When you reproduce the listing, keep every word as it is and drop the pictures.

Dataset extract:

———

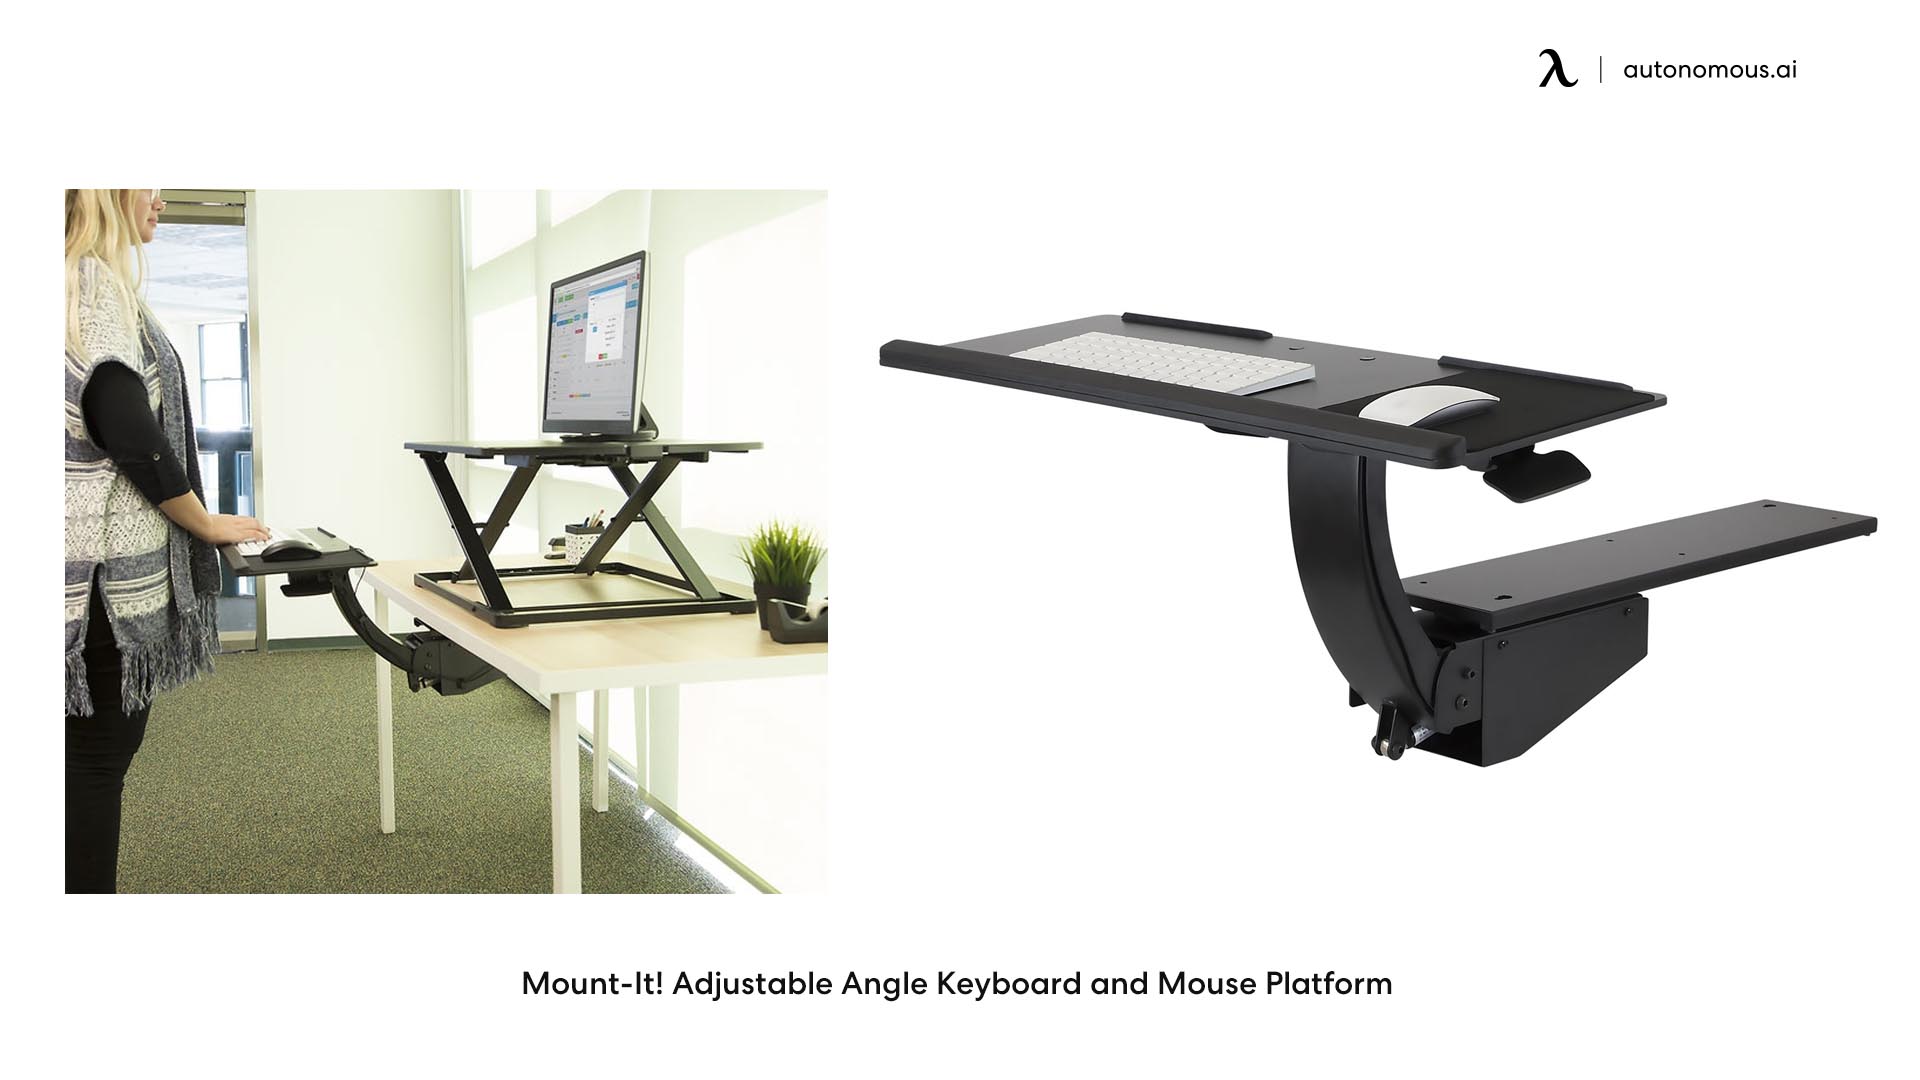 Mount-It! Adjustable Angle Keyboard and Mouse Platform
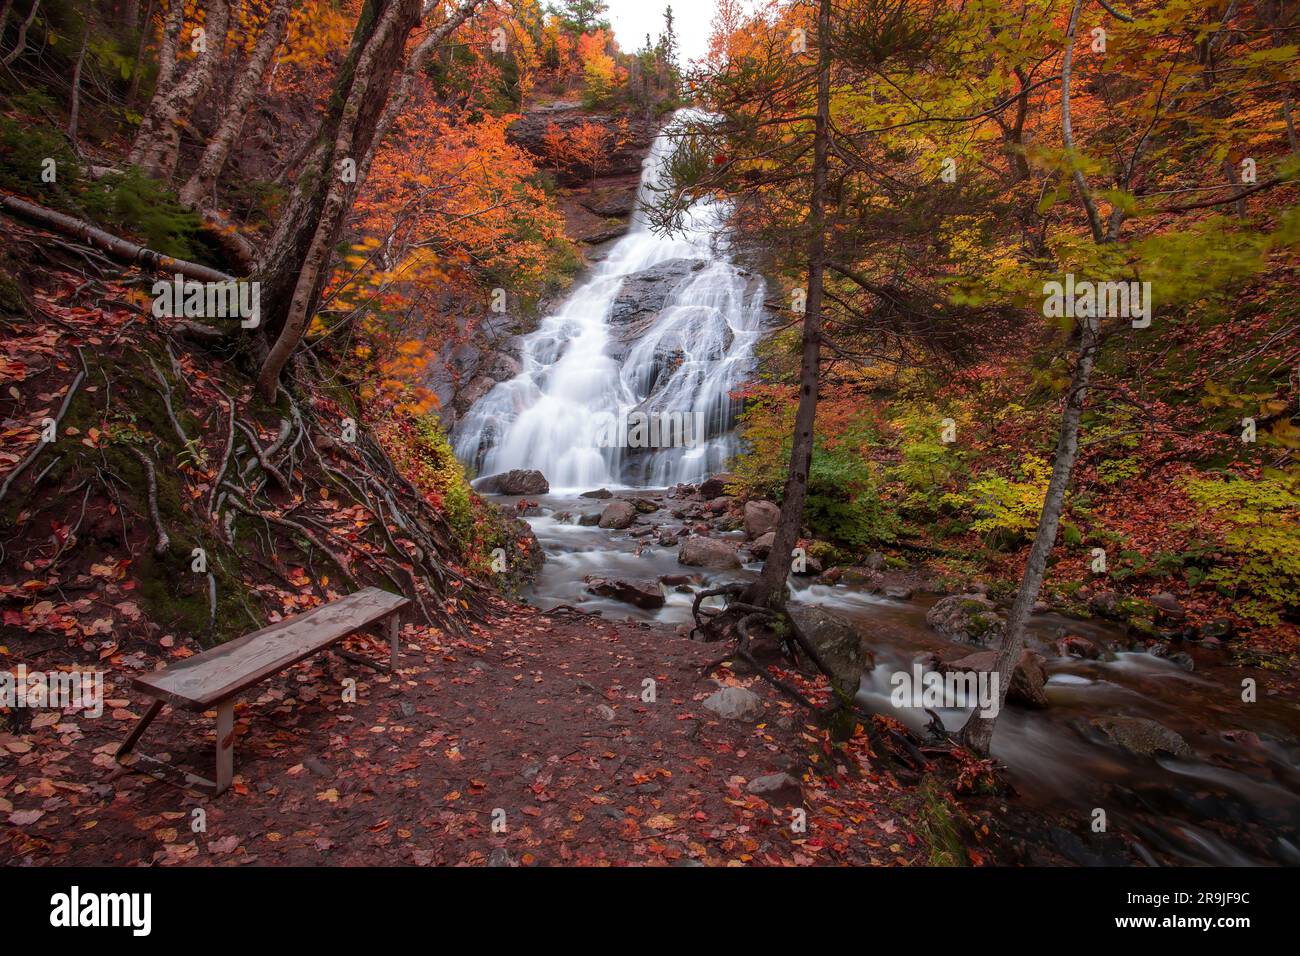 Beulach Ban Falls, Cape Breton -High water fall in an autumn forest landscape with dense trees, Cape Breton. Autumn waterfalls. Nova Scotia, Canada Stock Photo
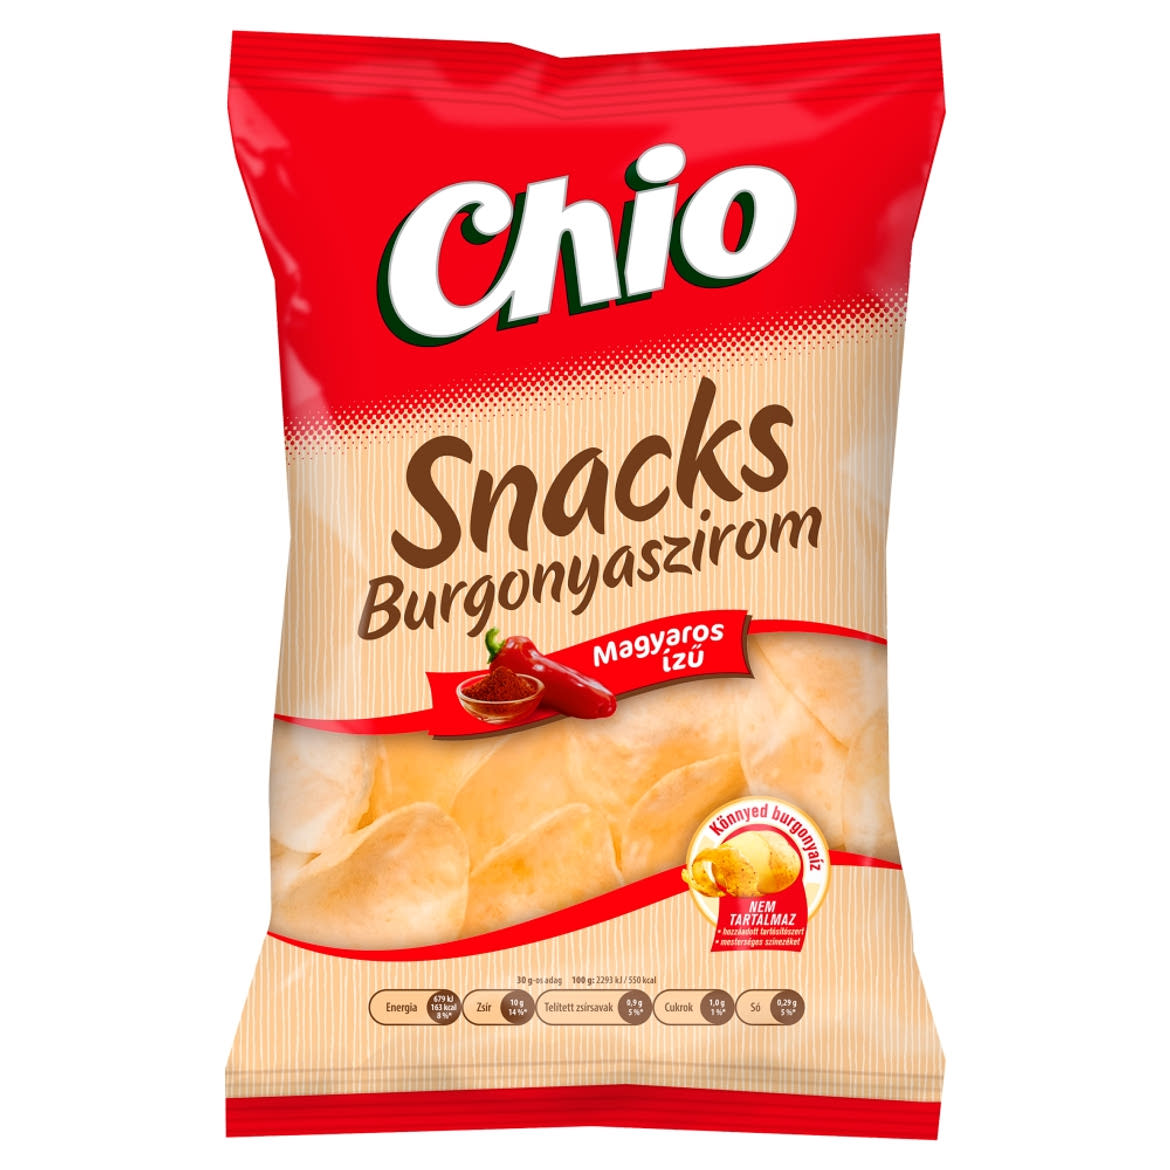 Chio Snacks magyaros ízű hagyományos burgonyaszirom
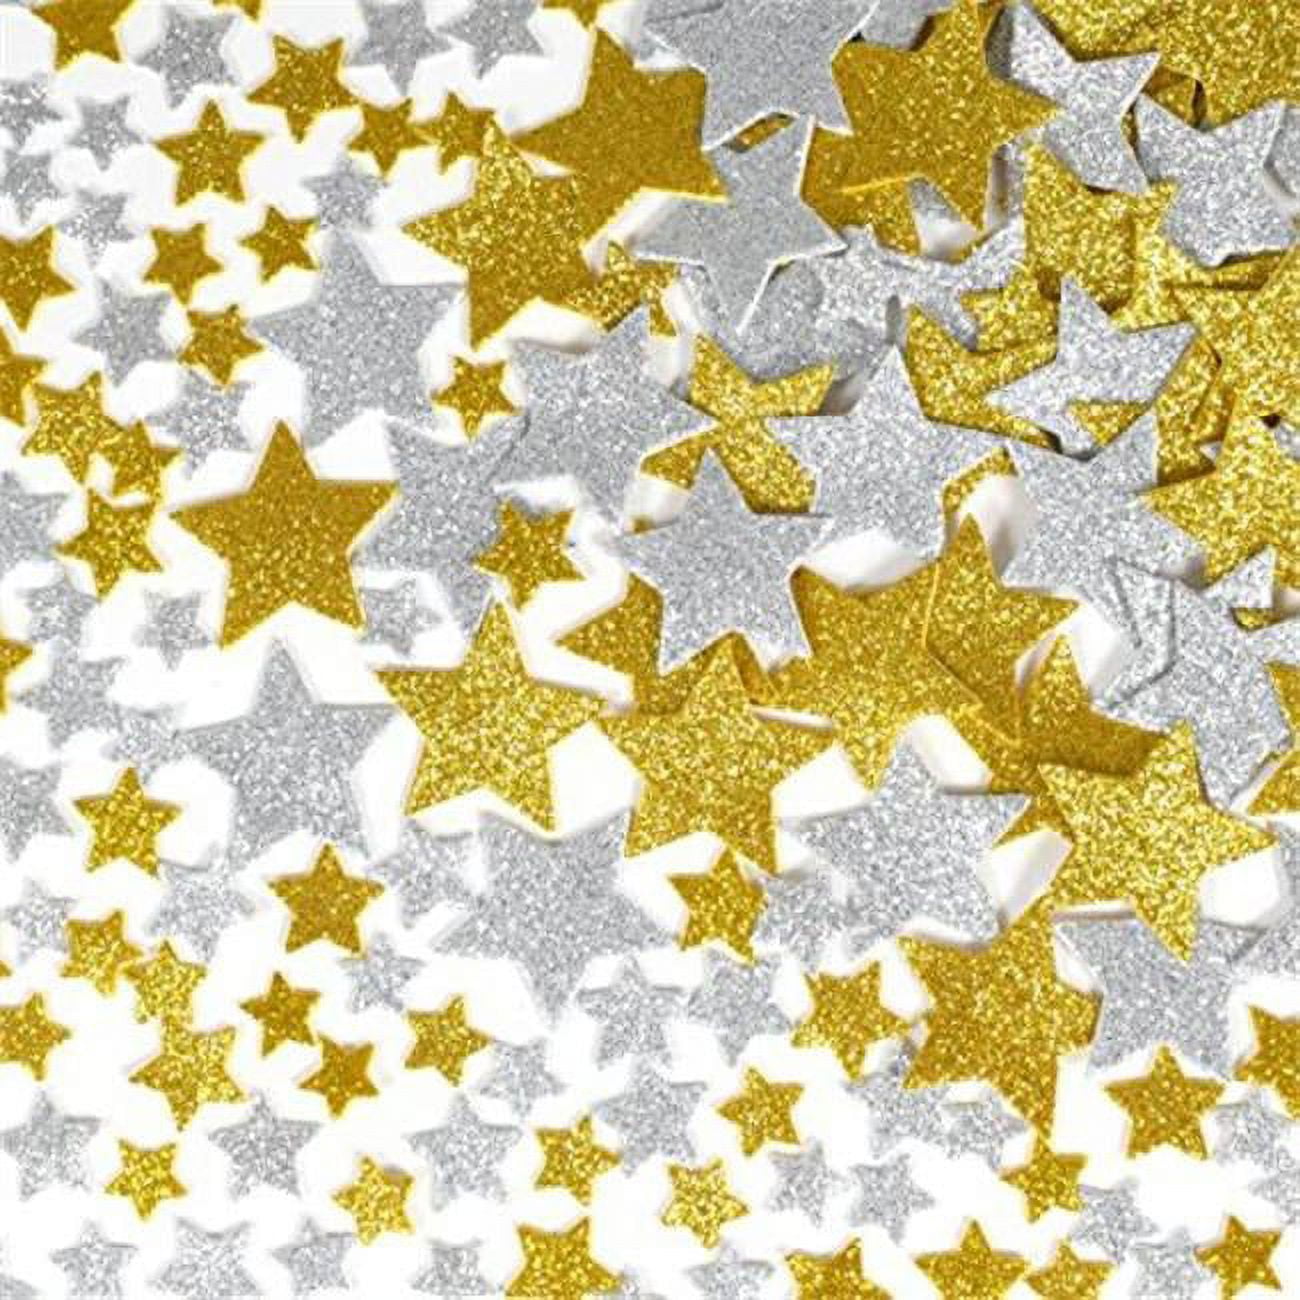 1Bag Colorful Self Adhesive Stars Shaped Foam Glitter Sticker Craft

———

Reply to the task:
 Mount-It! Adjustable Angle Keyboard and Mouse Platform
 Beulach Ban Falls, Cape Breton -High water fall in an autumn forest landscape with dense trees, Cape Breton. Autumn waterfalls. Nova Scotia, Canada Stock Photo
 Chio Snacks magyaros ízű hagyományos burgonyaszirom
 1Bag Colorful Self Adhesive Stars Shaped Foam Glitter Sticker Craft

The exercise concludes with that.